Challenging Market Conditions
  • The Company faced significant market challenges beginning in 2022, exacerbated by declining cobalt prices due to oversupply from Chinese-owned mines in the Democratic Republic of the Congo. As a cobalt producer, the Company was directly exposed to the volatility of cobalt prices, which have remained historically low in recent years.
    • These challenging conditions persisted through 2023 and 2024, with cobalt prices continuing to weigh on the Company’s financial performance.
    • Additionally, demand for the Company’s products weakened due to increased competition in downstream markets, particularly from China, across all powder metallurgy applications.
Source: Trading Economics
Operational Challenges
  • Rising interest rates and inflationary pressures on construction and capital costs led the Company to suspend final construction at the ICO.

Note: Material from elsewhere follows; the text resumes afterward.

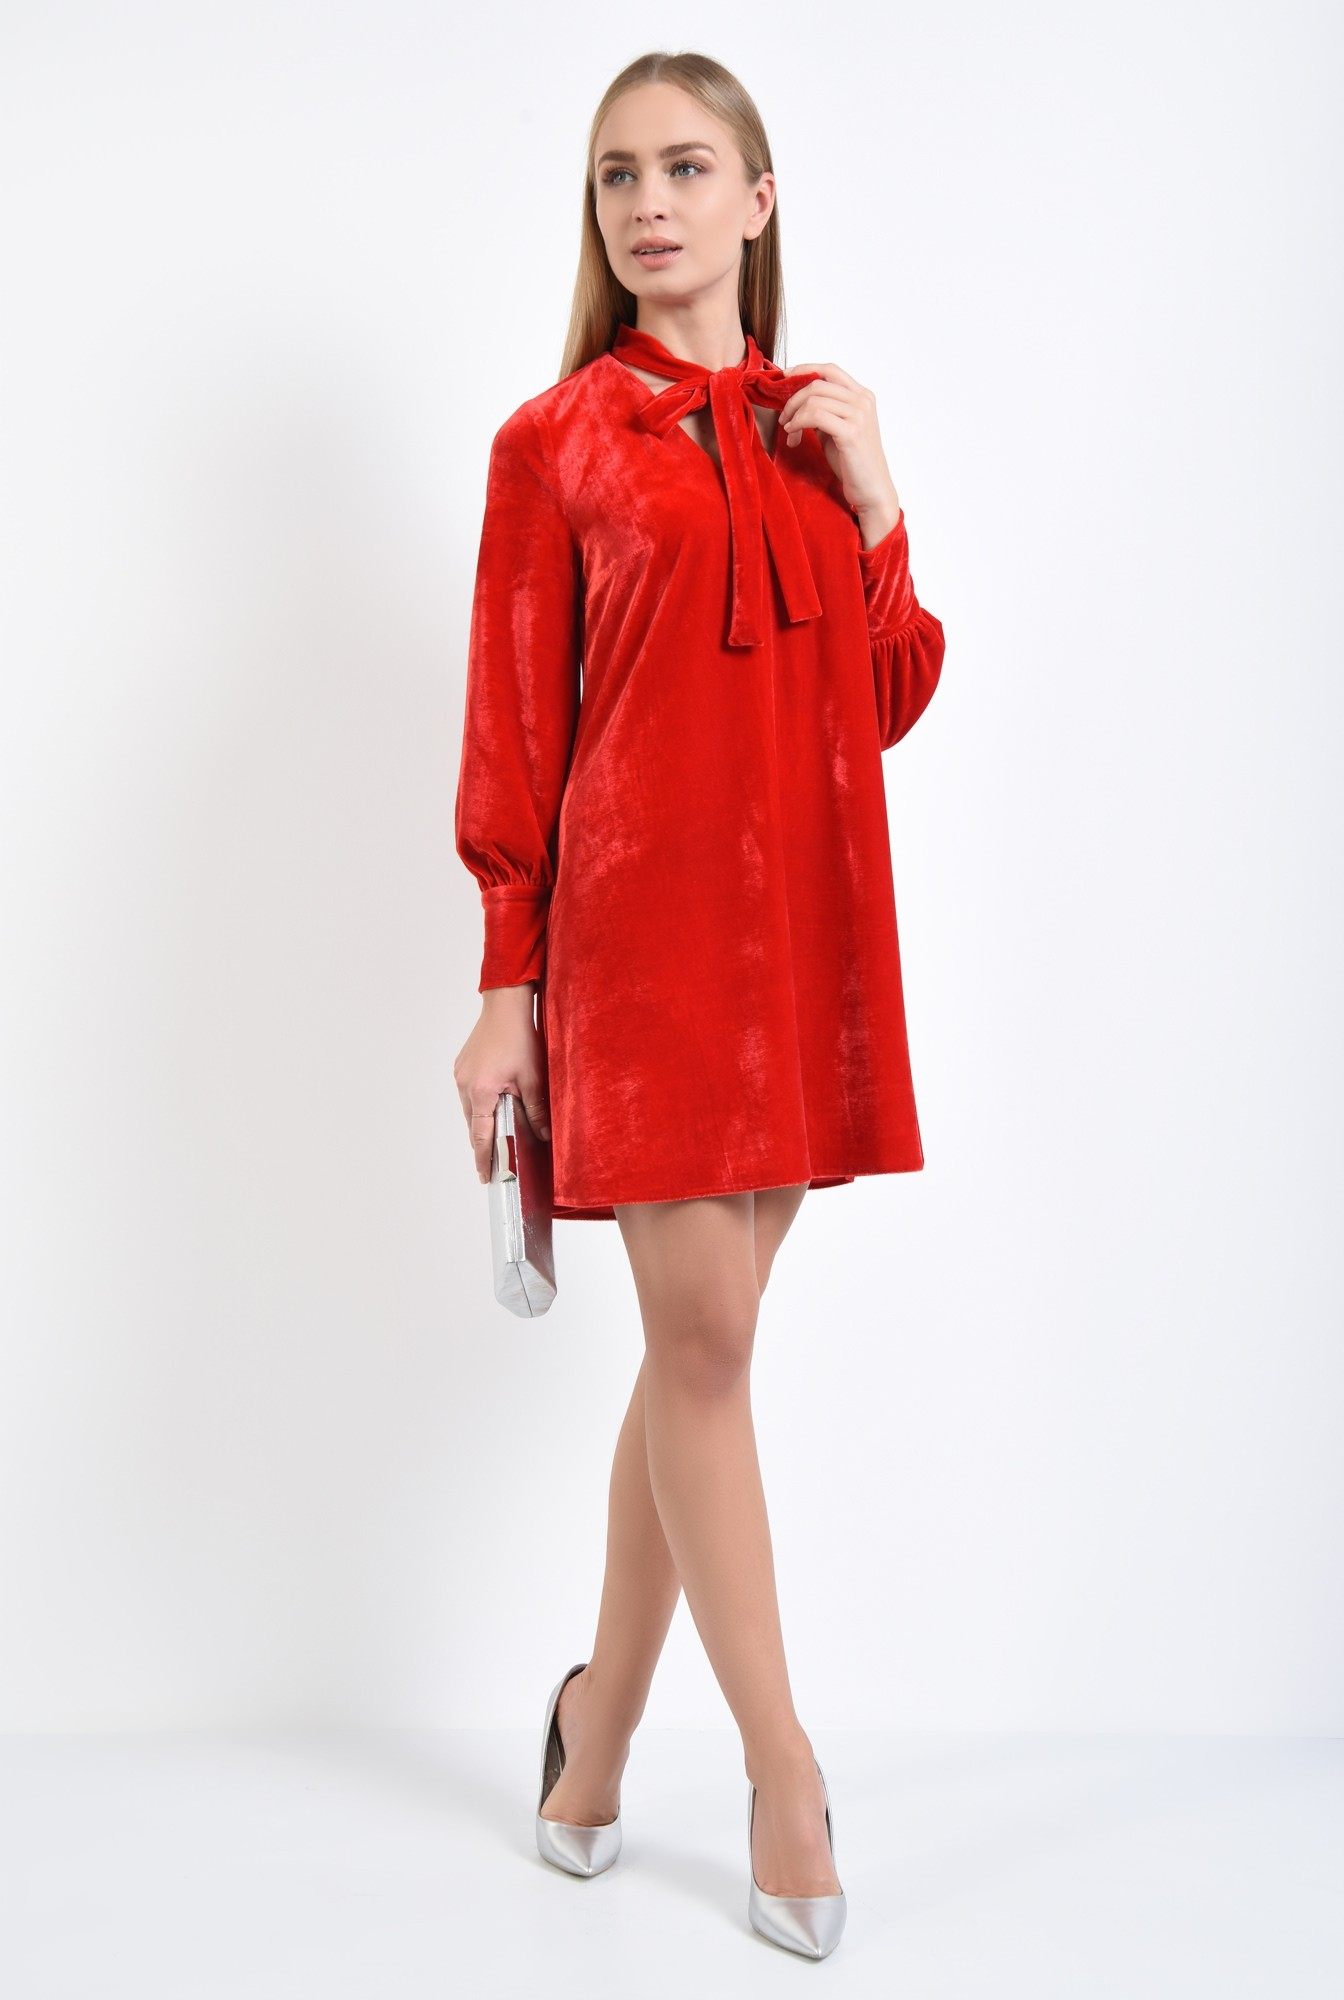 3 - rochie rosie, mini, croi larg, maneci bufante, decolteu anchior

  • Additionally, increasing energy and consumable costs drove up overall operating expenses, compounding financial challenges amid declining sale prices.
Prepetition Restructuring Efforts
  • In Q2 2023, JGL initiated discussions with third parties to explore partnership opportunities across multiple assets. By September 2023, the Company had launched formal processes to solicit interest in asset sales, partnerships, and strategic transactions aimed at strengthening its balance sheet and improving liquidity.
    • Despite an extensive marketing process and significant engagement from interested parties, no actionable proposals materialized.
  • In early 2024, JGL expanded its strategic review to include potential mergers or a sale of the Company, supported by funding from Millstreet Capital Management LLC (“Millstreet”), a key financial stakeholder and funded debt holder.
    • These efforts continued through late 2024 but similarly did not yield any actionable proposals.
  • In April 2024, faced with upcoming bond interest payments and the maturity of the JFO Facility at the end of 2024, the Company engaged advisors to explore a potential balance sheet restructuring.
    • Over the next nine months, the Company engaged in extensive discussions with Millstreet to address balance sheet challenges.
    • Millstreet provided the Company with amendments, waivers, and deferrals under the JFO Facility and ICO Bonds, as well as two rounds of increased commitments and fundings under a newly created term loan.
Restructuring Support Agreement and Chapter 11 Filing
  • In early December 2024, the Company and Millstreet began discussing a comprehensive restructuring and take-private transaction to be implemented through Chapter 11 proceedings in the U.S. and sequential Australian Proceedings.
    • With the assistance of advisors, including FTI, the Company and Millstreet negotiated the terms of the Restructuring Transactions, culminating in the execution of a Restructuring Support Agreement (“RSA”) on December 31, 2024. The RSA was amended and restated on January 28, 2025.
  • Pursuant to the RSA, the Consenting Lenders agreed to:
    • Commit substantial new capital, including a $49 million JFO DIP Facility and a $90 million New Money Investment.
    • Provide an additional $55 million in equity financings to support the restart of the SMP Refinery in Brazil.
    • Vote to accept the Prepackaged Plan and provide necessary releases.
    • Refrain from actions that could delay or impede the consummation of the Prepackaged Plan.
  • The RSA contemplates a holistic balance sheet restructuring and recapitalization, including DIP financing to support the Chapter 11 Cases and Australian Proceedings, as well as exit financing for go-forward operations.